Using a combination of quantitative analysis and qualitative case studies of historical protest movements in South Korea and Hong Kong, the dissertation aims to understand why movements sometimes intensify their claims and analyzes what happens between asking something of the government to demanding that it must go. In the summer of 2019, thousands took to the streets in Hong Kong to protest a proposed extradition bill that would allow criminal suspects to be sent to mainland China. However, even after Carrie Lam announced the formal withdrawal of the controversial bill, protests continued with some calling for greater democracy and others demanding her resignation. This case, far from being unique, is indicative of an unresolved puzzle of why some movements that begin with reformist demands (seeking redress in a certain policy space) escalate to maximalist claims (demanding the ouster of a national leader or the entire regime).
Sooyeon is a Ph.D. candidate at the Josef Korbel School of International Studies, University of Denver, and a pre-doctoral fellow at the Carr Center for Human Rights Policy at the Harvard Kennedy School. Her dissertation titled, “From Reform to Resignation: Explaining Why Some Protest Movements Escalate Their Demands,” focuses on the interaction between mass movements and the government, answering the question why movement goals sometimes evolve. Her general research interests include mass mobilization, political violence, political psychology, and all things North Korea.
Prior to her doctoral studies, Sooyeon developed content for a HarvardX/ Harvard Humanitarian Initiative course, “Humanitarian Response to Conflict and Disaster”; employed various methodologies to assess physical and political conditions in North Korea for think tanks and international organizations; and evaluated grant acquisition and management strategies for an international humanitarian relief organization. Her work is published in the Journal of Conflict Resolution, The Washington Post – Monkey Cage, and the Peterson Institute for International Economics. She holds an MA in International Affairs from The Fletcher School of Law and Diplomacy, and a BA in Government and Psychology from Dartmouth College.

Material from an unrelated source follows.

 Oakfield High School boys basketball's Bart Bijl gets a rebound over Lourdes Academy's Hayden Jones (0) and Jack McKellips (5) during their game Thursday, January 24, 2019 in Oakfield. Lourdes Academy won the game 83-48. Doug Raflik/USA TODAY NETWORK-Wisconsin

Rabea Kirmani (USIP Peace Scholar Fellow)
Ph.D. Candidate | Georgetown University, Department of Government
“Surviving: How Persecuted Communities Respond to Repression through Migration, Mobilization and Identity Obfuscation”

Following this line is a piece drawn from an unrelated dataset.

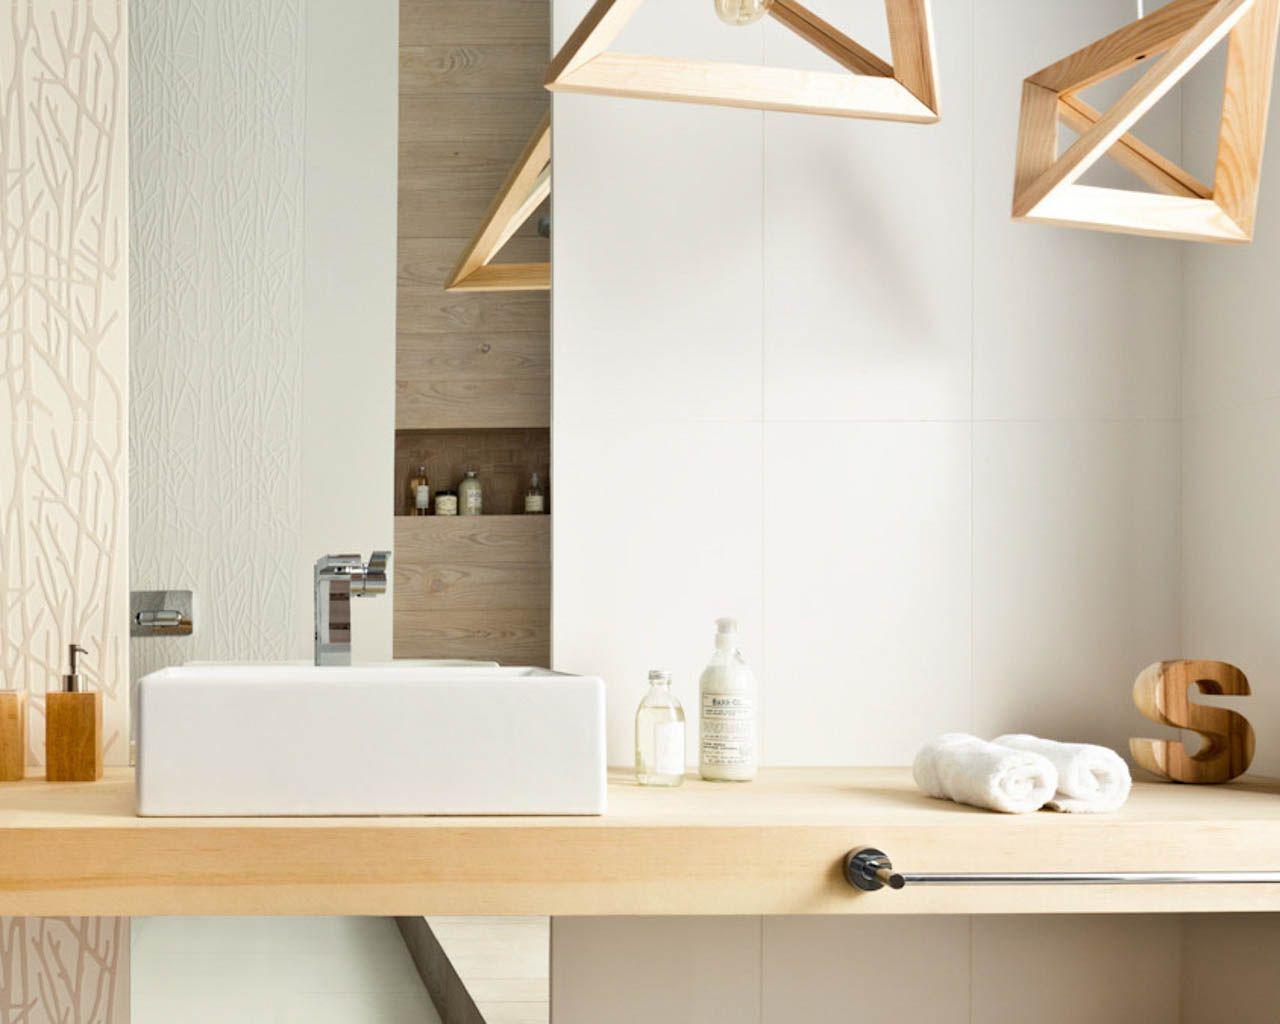 Bad im Hygge-Stil - Holz, Weiß und Pflanzenmotive   Ceramika Paradyz

Rabea’s dissertation looks at how persecuted communities’ divergent responses to state repression are constrained by the mutability and perceptibility of their identity and the presence or absence of societal repression. Her research asks, how do communities survive extreme, targeted political violence; what tactics do they use, how and why? Recent scholarship shows that even under life-threatening situations, people make choices. However, little is known about the diversity of choices beyond protest and migration. This project demonstrates that peoples’ responses expand beyond fight or flight and are fundamentally constrained by the mutability and external perceptibility of their persecuted identity. Communities are more likely to engage in identity obfuscation when they can, but if state repression is accompanied by societal repression, it bolsters the state’s ability to target dissidents, closing all survival options except migration.

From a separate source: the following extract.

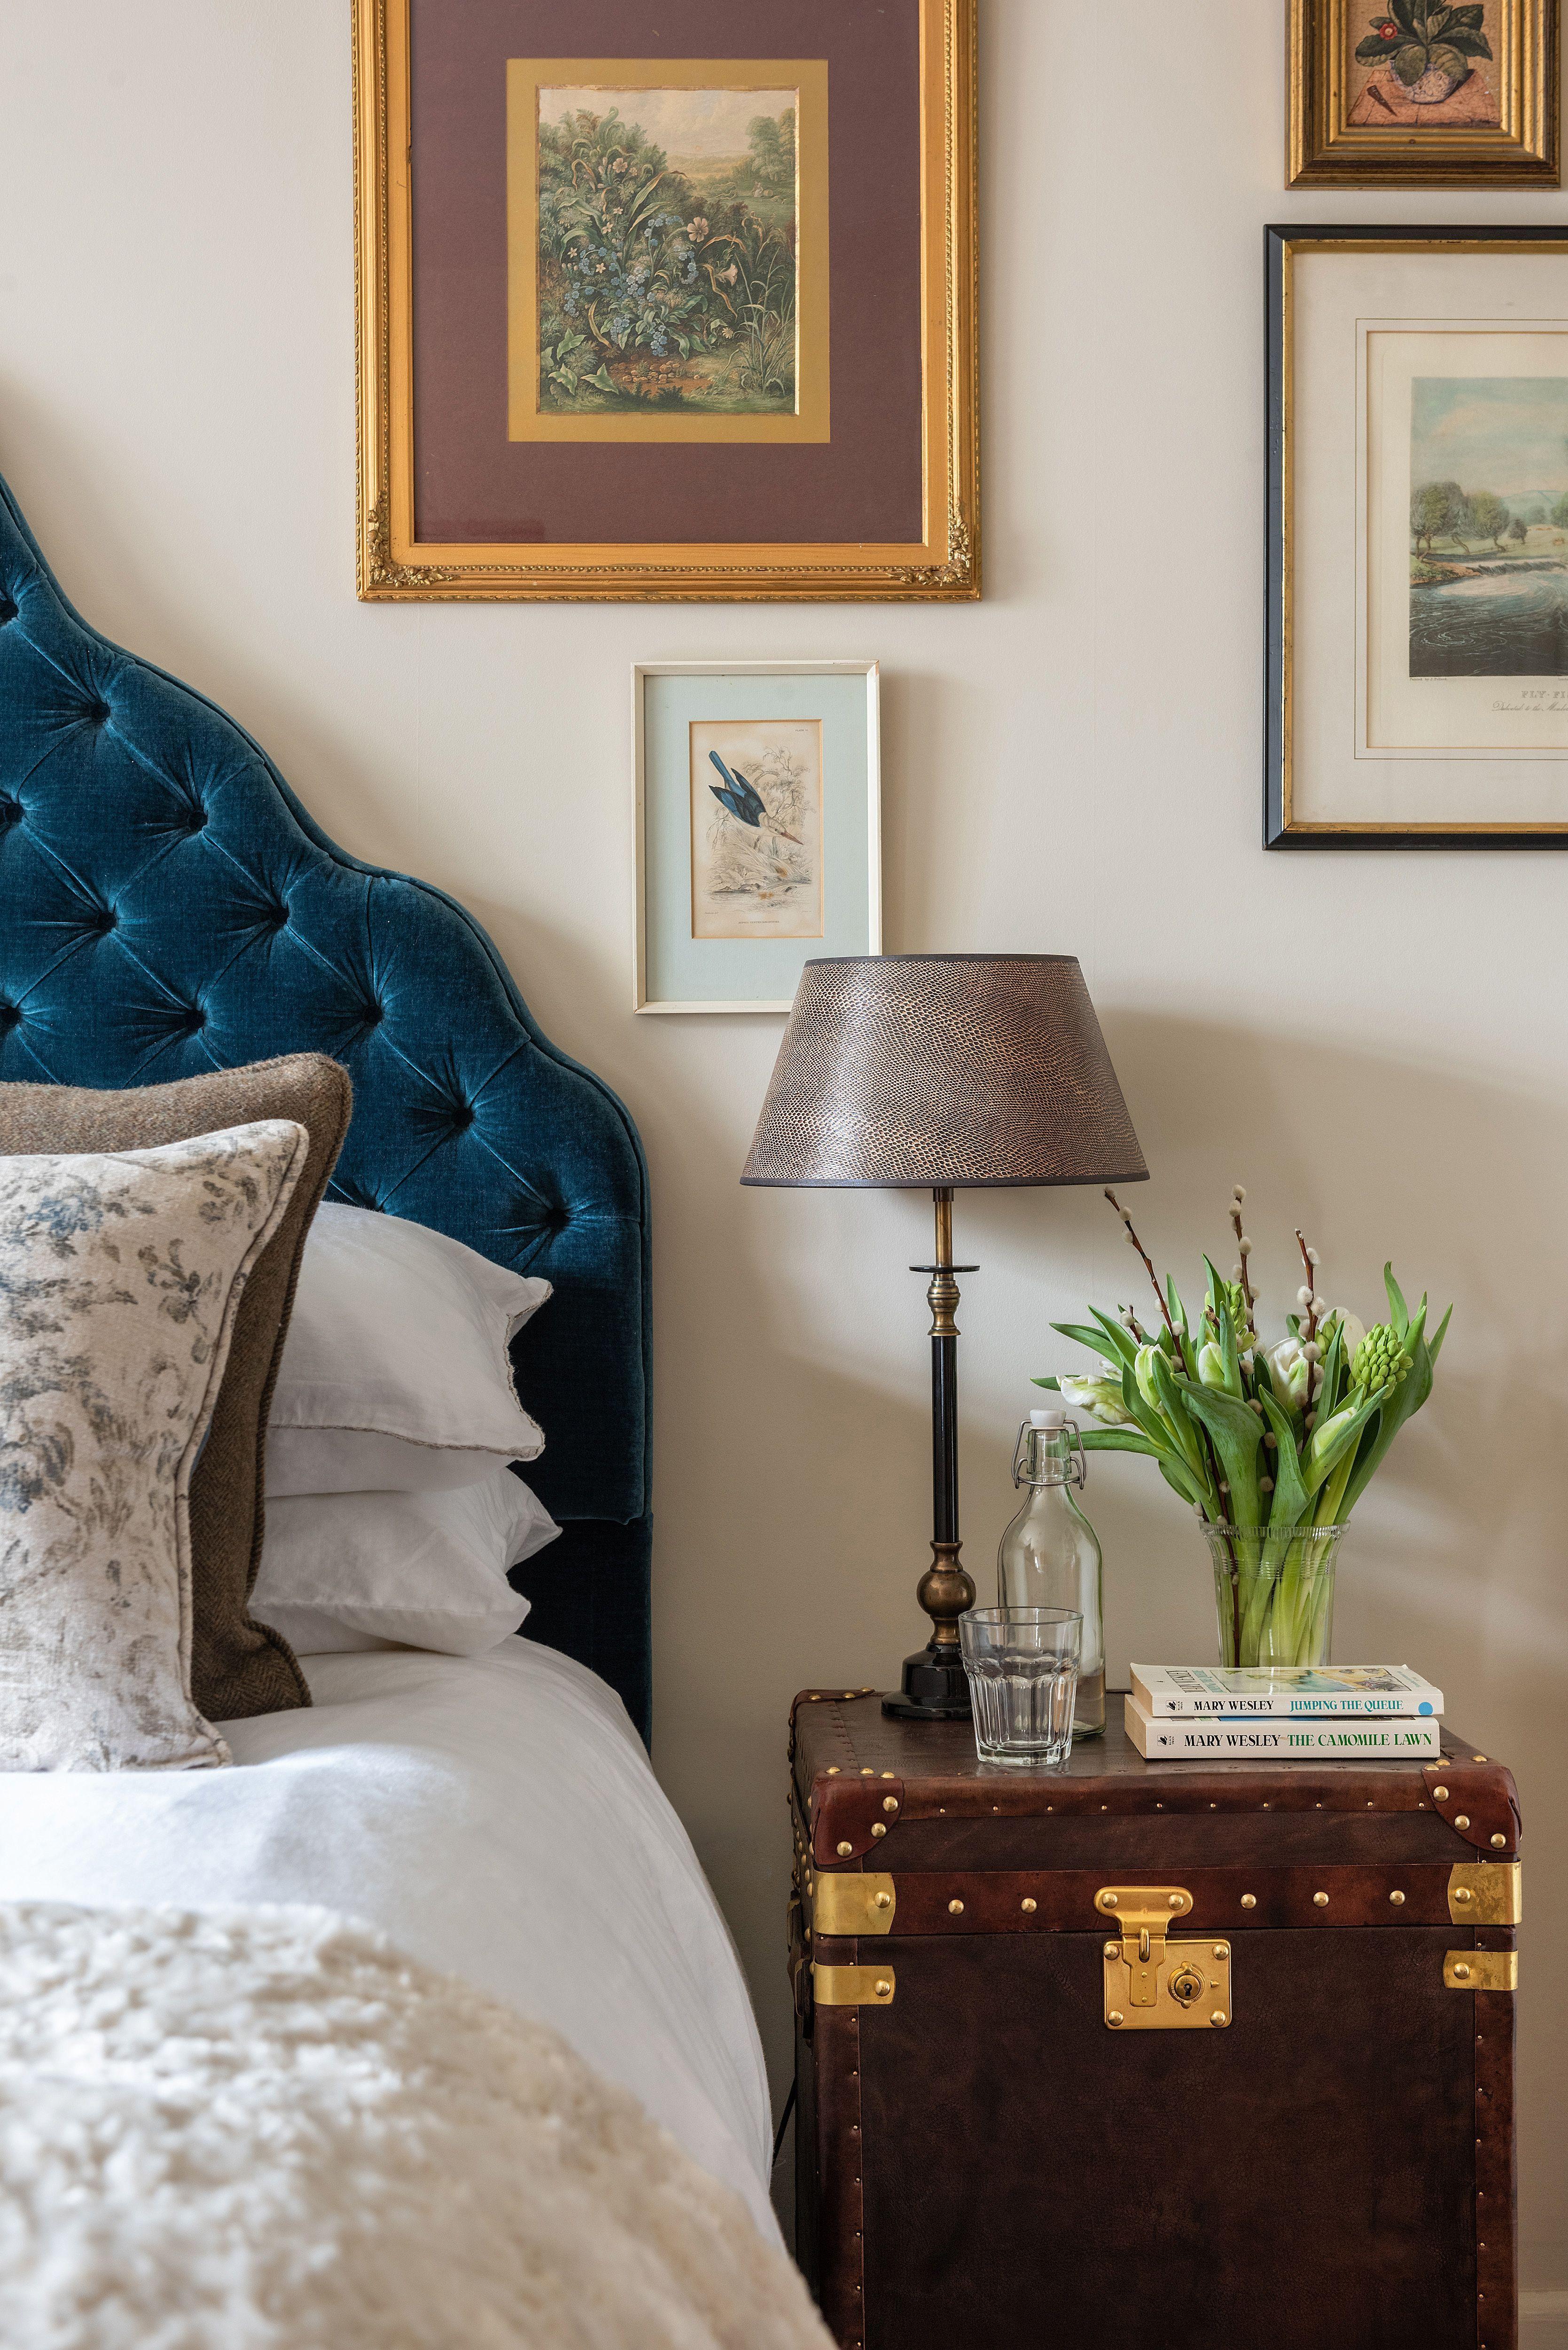 thornworthy barn s side table in the bedroom is utterly divine rh co pinterest com

This project looks at the 1947 Partition of India and Pakistan and the subsequent experiences of ethnic and religious communities physically divided by arbitrarily drawn geographical borders. Extensive archival research and data from oral histories, official censuses, household surveys and newspapers are used to compare how similar communities responded differently to repression over time.
Rabea Kirmani is a Ph.D. candidate in the Department of Government at Georgetown University. Her research focuses on state repression, identity politics, and mass migration movements with a regional focus on South Asia. Other projects examine attitudes towards refugees, impact of land ownership on migrant experiences and state-led identity formation through official census categories. Rabea’s research has been supported by the APSA Centennial Center for Political Science and Public Affairs, the Georgetown Graduate School of Arts and Science and the Hayek Fund for Scholars.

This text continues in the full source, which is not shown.